British composer and musician

Nigel Clarke (born 1960) is a British composer and musician. He is a former head of composition and contemporary music at the London College of Music and Media.

Clarke began his career as a military bandsman, then studied composition at the Royal Academy of Music with composer Paul Patterson. While at the Royal Academy, he was awarded the Queen's Commendation for Excellence. He was previously Young Composer in Residence at The Hong Kong Academy for Performing Arts, Composition and Contemporary Music Tutor at the Royal Academy of Music, London, Head of Composition at the London College of Music and Media, a visiting tutor at the Royal Northern College of Music and Associate Composer to the world-famous Black Dyke Mills Band, Associate Composer to the Band of the Grenadier Guards, Composer-in-Residence to the Marinierskapel der Koninklijke Marine (Marine Band of the Royal Netherlands Navy) and Associate Composer to Brass Band Buizingen in Belgium. He has also been guest professor at the Xinjiang Arts Institute in China and Associate Composer to the Royal Military School of Music, Kneller Hall. More recently he has been Visiting Composer to Middle Tennessee State University Bands.

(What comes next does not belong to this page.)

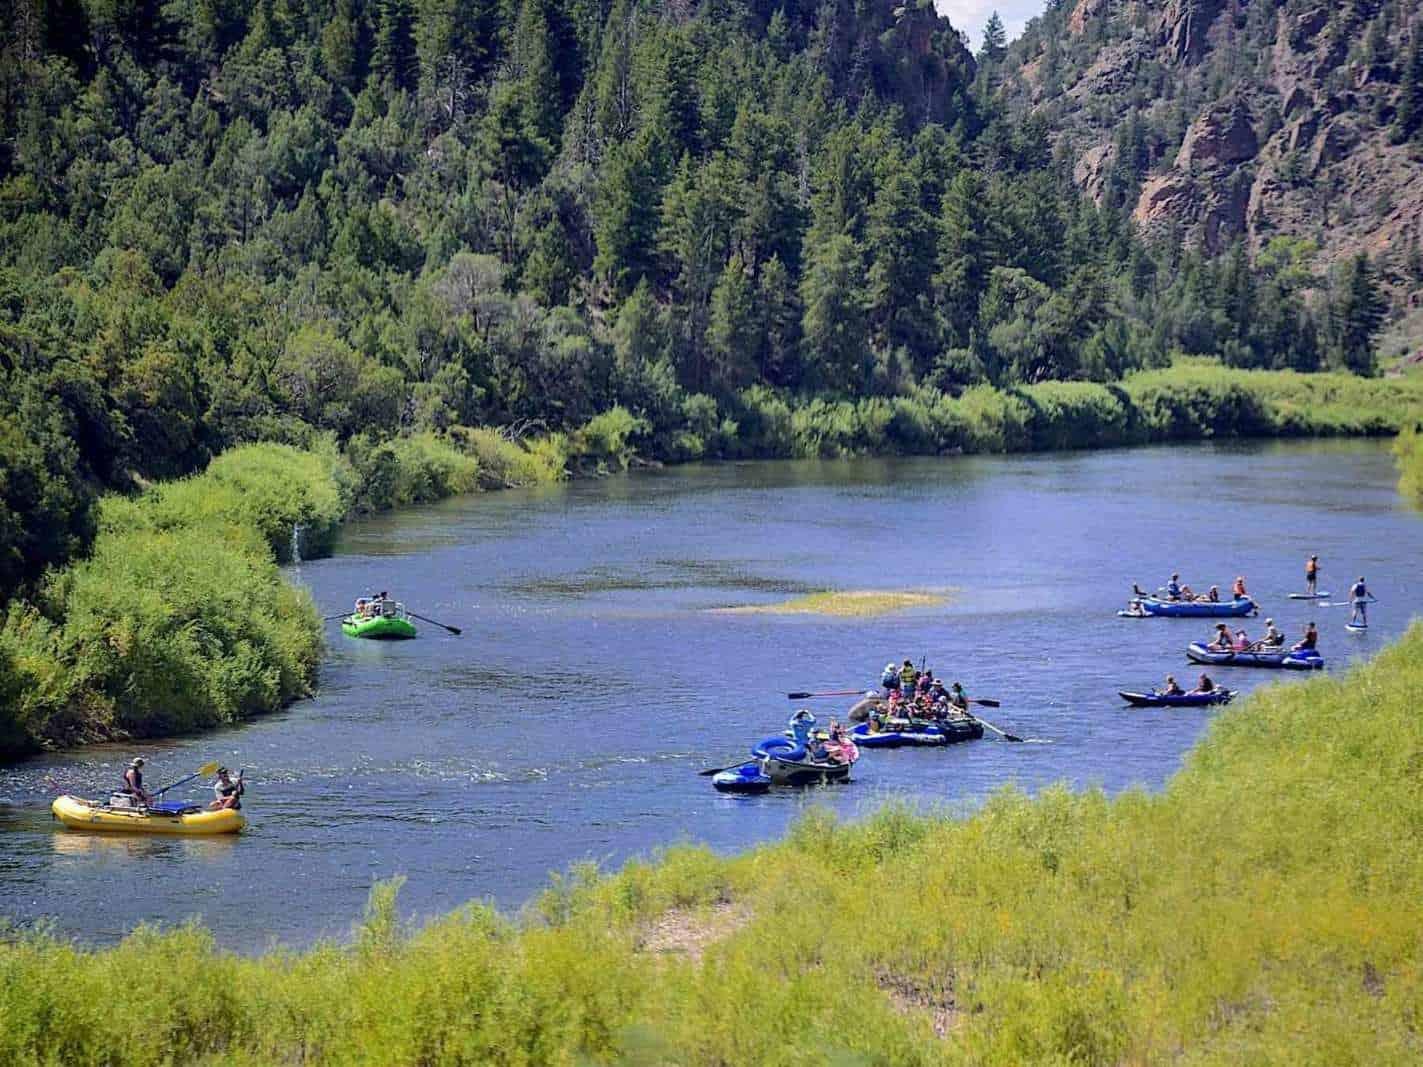 Party on Colorado River

In 1997, Clarke visited the United States as part of the country's International Visitor Leadership Program, and the President's Own Marine Band performed one of his pieces, "Samurai", conducted by Colonel Timothy Foley. The Winnipeg Free Press described the piece as a throbbing, raucous work influenced by Japanese drumming.

In 2015 he collaborated with Danish writer Malene Sheppard Skærved on his first symphony ("A Richer Dust") for Speaker and Symphonic Wind Orchestra. Using music and words, ‘A Richer Dust’ explores what it means to live with violence and extremism, the constant companions of human history. The intertwined text and music, ideas and images, weave together voices ranging from those of historically significant figures through to the voiceless, ordinary people living in extraordinary times. "A Richer Dust" was commissioned by Dr Reed Thomas and the Middle Tennessee State University (MTSU) Wind Ensemble. It was premiered on 14 April 2015 by Dr Reed Thomas (Conductor), H. Stephen Smith (Speaker) and the MTSU Wind Ensemble in the T. Earl Music Hall, Wright Music Building, Murfreesboro, Tennessee, USA. The European Premiere was given by the Regimental Band of the Irish Guards on 6 November in the Guards Chapel, London, under the baton of the composer with WO1 Andrew Porter as Speaker.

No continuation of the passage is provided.